Department of Epidemiology, School of Public Health, Sun Yat-sen University, Guangzhou, China.
International School of Public Health and One Health, Hainan Medical University, Haikou, China.
Environ Pollut. 2024 Jan 15;341:122950. doi: 10.1016/j.envpol.2023.122950. Epub 2023 Nov 16.
The widespread application of zinc oxide nanoparticles (ZnO-NPs) brings convenience to our lives while also renders threats to public health and ecological environment. The lung has been recognized as a primary target of ZnO-NPs, however, the detrimental effects and mechanism of ZnO-NPs on the respiratory system have not been thoroughly characterized so far. To investigate the effect of ZnO-NPs on acute lung injury (ALI), Sprague Dawley rats were intratracheally instilled with ZnO-NPs suspension at doses of 1, 2, and 4 mg/kg/day for 3 consecutive days. Our study revealed that ZnO-NPs induced ALI in rats characterized by increased airway resistance, excessive inflammatory response and lung histological damage. In addition, we identified several molecular biomarkers related to the potential mechanism of ZnO-NP-induced ALI, including oxidative stress, mitochondrial damage, and NLRP3 inflammasome activation. The results of in vitro experiments showed that the viability of A549 cells decreased with the increase in ZnO-NPs concentration. Meanwhile, it was also found that ZnO-NP treatment induced the production of ROS, the decrease in mitochondrial membrane potential and activation of NLRP3 inflammasome in A549 cells. Furthermore, to explore the underlying molecular mechanisms of ZnO-NP-induced ALI, N-acetyl-L-cysteine (a ROS scavenger), Cyclosporin A (an inhibitor for mitochondrial depolarization) and Glibenclamide (an inhibitor for NLRP3 inflammasome activity) were used to pre-treat A549 cells before ZnO-NPs stimulation in the in vitro experiments, respectively. The results from this study suggested that ZnO-NP-induced ROS production triggered the accumulation of damaged mitochondria and assembly of NLRP3 inflammatory complex, leading to maturation and release of IL-1β. Moreover, ZnO-NP-induced NLRP3 inflammasome activation was partly mediated by mitochondrial damage. Taken together, our study suggested that ZnO-NPs induced ALI through oxidative stress-mediated mitochondrial damage and NLRP3 inflammasome activation and provided insight into the mechanisms of ZnO-NPs-induced ALI.

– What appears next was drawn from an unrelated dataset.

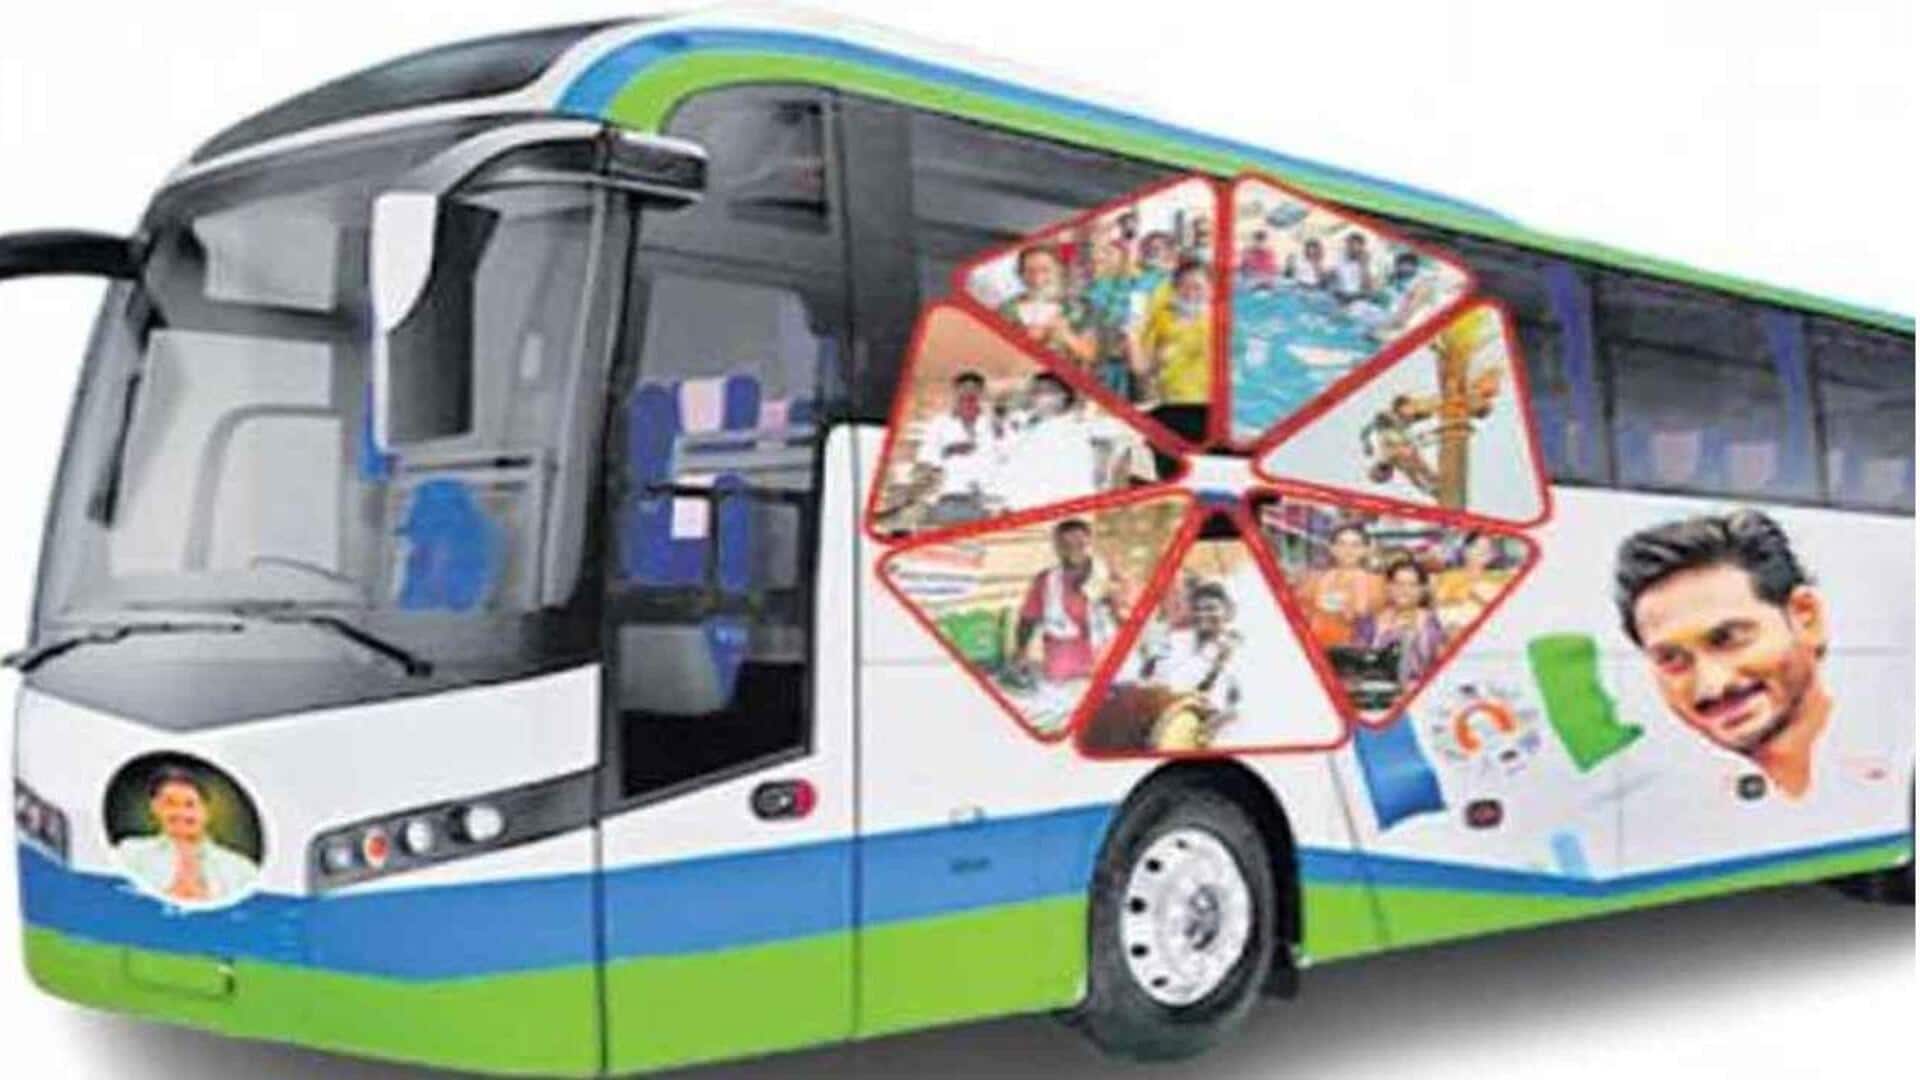 ycp bus yatra: "మేమంతా సిద్దం" పేరుతో సీఎం జగన్ బస్సుయాత్ర

氧化锌纳米粒子(ZnO-NPs)的广泛应用给我们的生活带来了便利,同时也对公众健康和生态环境构成了威胁。肺已被认为是 ZnO-NPs 的主要靶器官,但 ZnO-NPs 对呼吸系统的有害影响及其机制尚未得到充分描述。为了研究 ZnO-NPs 对急性肺损伤(ALI)的影响,我们将 ZnO-NPs 混悬液以 1、2 和 4mg/kg/天的剂量连续 3 天经气管内滴注到 Sprague Dawley 大鼠体内。我们的研究表明,ZnO-NPs 诱导大鼠发生 ALI,其特征为气道阻力增加、过度炎症反应和肺组织学损伤。此外,我们鉴定了几个与 ZnO-NP 诱导的 ALI 潜在机制相关的分子生物标志物,包括氧化应激、线粒体损伤和 NLRP3 炎性小体激活。体外实验结果表明,A549 细胞的活力随着 ZnO-NPs 浓度的增加而降低。同时,还发现 ZnO-NP 处理诱导 A549 细胞产生 ROS、降低线粒体膜电位并激活 NLRP3 炎性小体。此外,为了探索 ZnO-NP 诱导的 ALI 的潜在分子机制,我们在体外实验中分别使用 N-乙酰-L-半胱氨酸(ROS 清除剂)、环孢菌素 A(线粒体去极化抑制剂)和格列本脲(NLRP3 炎性小体活性抑制剂)对 A549 细胞进行预处理,然后再用 ZnO-NPs 刺激。本研究结果表明,ZnO-NP 诱导的 ROS 产生触发了受损线粒体的积累和 NLRP3 炎性复合物的组装,导致 IL-1β的成熟和释放。此外,ZnO-NP 诱导的 NLRP3 炎性小体激活部分由线粒体损伤介导。总之,我们的研究表明,ZnO-NPs 通过氧化应激介导的线粒体损伤和 NLRP3 炎性小体激活诱导 ALI,并深入了解了 ZnO-NPs 诱导的 ALI 机制。